- [WHAT YOU WILL DO]: Give back all of the data exactly, with every picture omitted.

- [GIVEN DATA]:
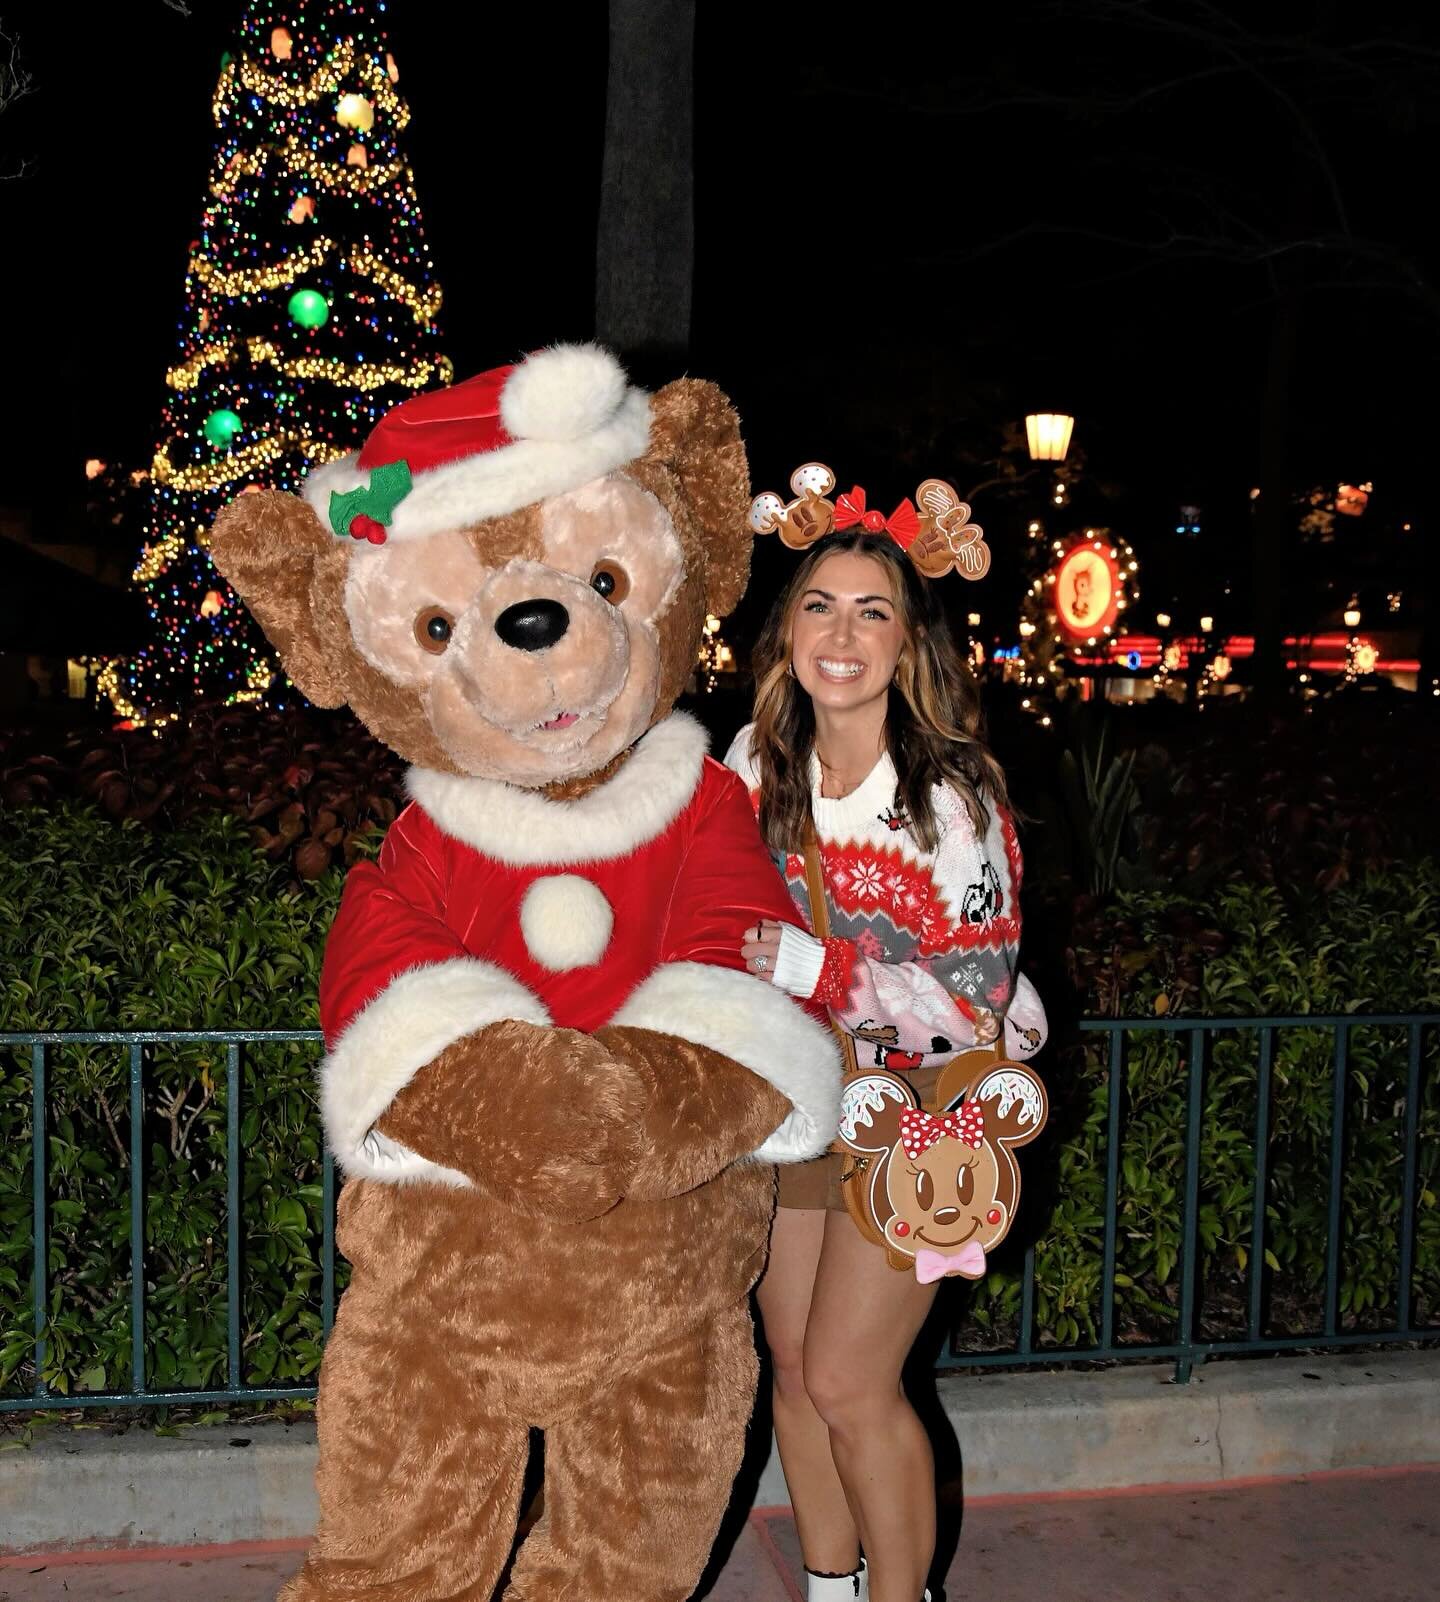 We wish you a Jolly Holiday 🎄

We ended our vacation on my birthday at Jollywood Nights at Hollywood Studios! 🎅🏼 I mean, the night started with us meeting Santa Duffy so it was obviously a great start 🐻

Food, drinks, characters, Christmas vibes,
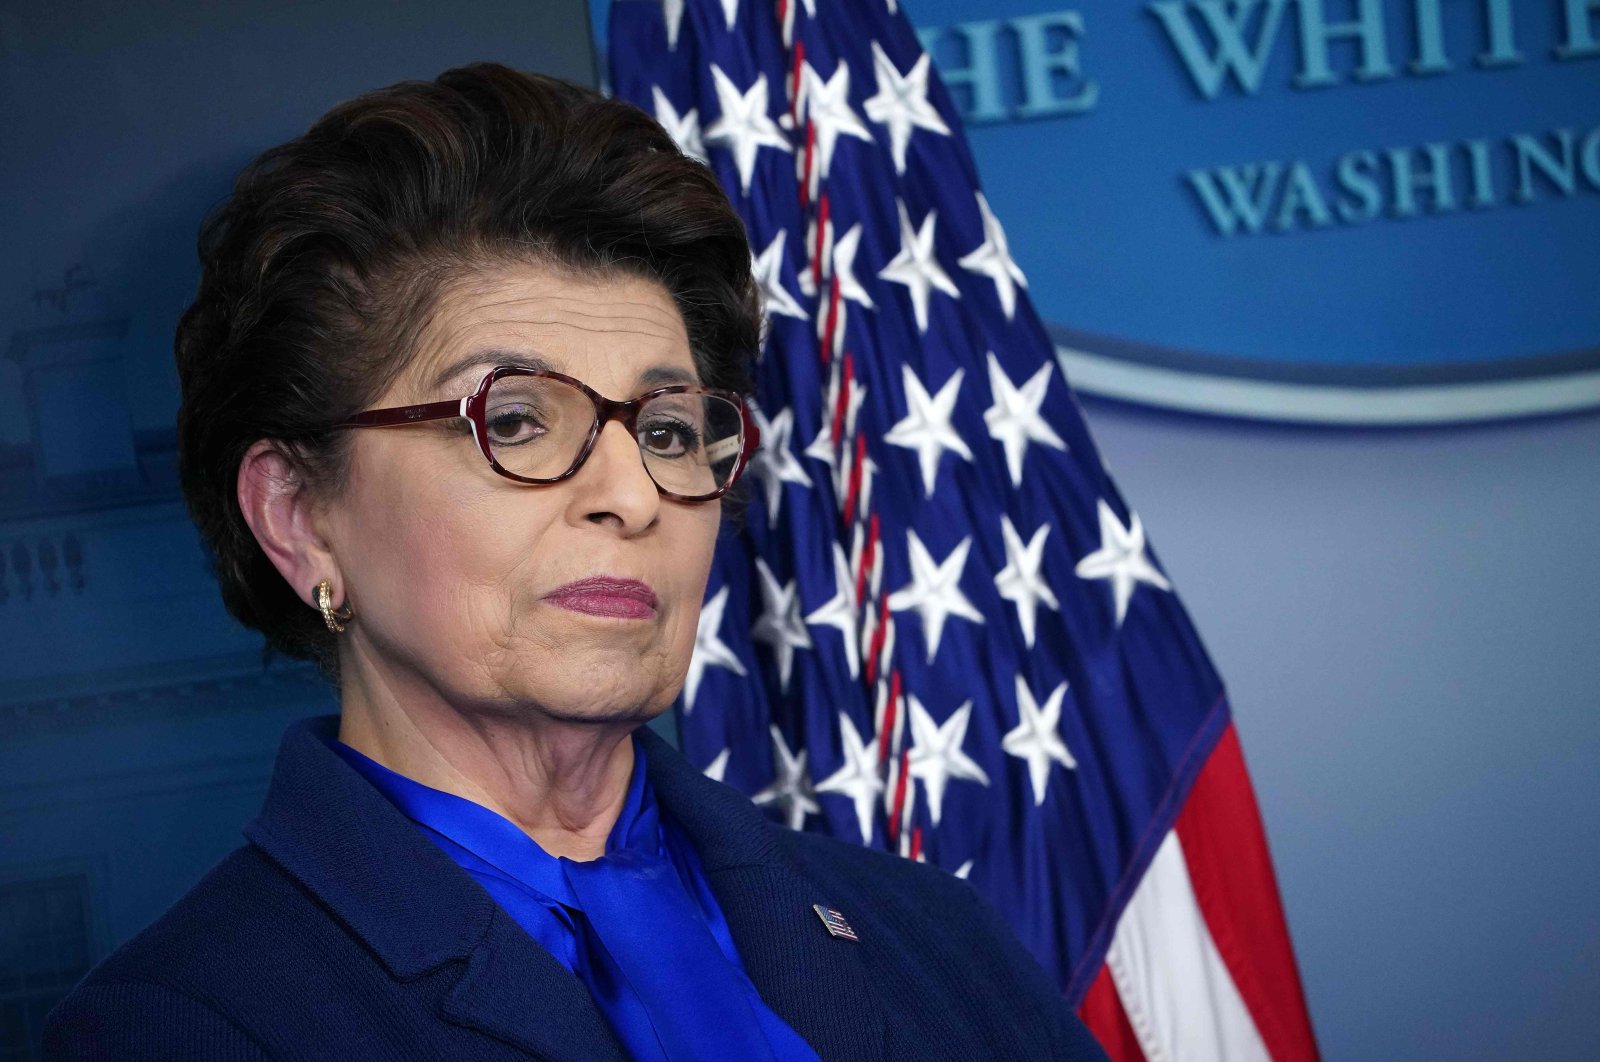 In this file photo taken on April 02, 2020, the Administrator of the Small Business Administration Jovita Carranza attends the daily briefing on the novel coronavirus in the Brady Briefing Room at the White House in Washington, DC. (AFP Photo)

- [RESPONSE BELOW]:
 We wish you a Jolly Holiday 🎄

We ended our vacation on my birthday at Jollywood Nights at Hollywood Studios! 🎅🏼 I mean, the night started with us meeting Santa Duffy so it was obviously a great start 🐻

Food, drinks, characters, Christmas vibes,
 In this file photo taken on April 02, 2020, the Administrator of the Small Business Administration Jovita Carranza attends the daily briefing on the novel coronavirus in the Brady Briefing Room at the White House in Washington, DC. (AFP Photo)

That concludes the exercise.